● **TRY IT**
Print the whole listing below again, exactly as given.

● **INPUT DATA**
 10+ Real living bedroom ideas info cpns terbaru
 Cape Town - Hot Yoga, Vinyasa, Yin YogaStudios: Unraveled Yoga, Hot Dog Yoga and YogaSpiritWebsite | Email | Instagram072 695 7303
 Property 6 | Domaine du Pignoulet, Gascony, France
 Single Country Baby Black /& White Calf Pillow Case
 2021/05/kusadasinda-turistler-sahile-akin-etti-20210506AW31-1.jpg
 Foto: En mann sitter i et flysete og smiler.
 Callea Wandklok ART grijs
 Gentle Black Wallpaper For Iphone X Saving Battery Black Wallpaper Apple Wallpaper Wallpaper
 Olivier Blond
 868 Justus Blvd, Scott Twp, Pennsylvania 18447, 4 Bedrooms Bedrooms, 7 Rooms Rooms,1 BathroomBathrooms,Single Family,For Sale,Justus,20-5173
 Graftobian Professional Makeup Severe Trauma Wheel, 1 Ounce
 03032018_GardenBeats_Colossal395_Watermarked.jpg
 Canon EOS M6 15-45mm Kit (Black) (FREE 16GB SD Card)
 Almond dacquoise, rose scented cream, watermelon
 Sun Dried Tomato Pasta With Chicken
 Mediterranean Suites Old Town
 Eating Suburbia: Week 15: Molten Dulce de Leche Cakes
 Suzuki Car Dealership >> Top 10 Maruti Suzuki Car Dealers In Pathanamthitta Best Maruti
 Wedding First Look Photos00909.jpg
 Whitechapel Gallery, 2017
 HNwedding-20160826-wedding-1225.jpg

● **SOLUTION BELOW**
 10+ Real living bedroom ideas info cpns terbaru
 Cape Town - Hot Yoga, Vinyasa, Yin YogaStudios: Unraveled Yoga, Hot Dog Yoga and YogaSpiritWebsite | Email | Instagram072 695 7303
 Property 6 | Domaine du Pignoulet, Gascony, France
 Single Country Baby Black /& White Calf Pillow Case
 2021/05/kusadasinda-turistler-sahile-akin-etti-20210506AW31-1.jpg
 Foto: En mann sitter i et flysete og smiler.
 Callea Wandklok ART grijs
 Gentle Black Wallpaper For Iphone X Saving Battery Black Wallpaper Apple Wallpaper Wallpaper
 Olivier Blond
 868 Justus Blvd, Scott Twp, Pennsylvania 18447, 4 Bedrooms Bedrooms, 7 Rooms Rooms,1 BathroomBathrooms,Single Family,For Sale,Justus,20-5173
 Graftobian Professional Makeup Severe Trauma Wheel, 1 Ounce
 03032018_GardenBeats_Colossal395_Watermarked.jpg
 Canon EOS M6 15-45mm Kit (Black) (FREE 16GB SD Card)
 Almond dacquoise, rose scented cream, watermelon
 Sun Dried Tomato Pasta With Chicken
 Mediterranean Suites Old Town
 Eating Suburbia: Week 15: Molten Dulce de Leche Cakes
 Suzuki Car Dealership >> Top 10 Maruti Suzuki Car Dealers In Pathanamthitta Best Maruti
 Wedding First Look Photos00909.jpg
 Whitechapel Gallery, 2017
 HNwedding-20160826-wedding-1225.jpg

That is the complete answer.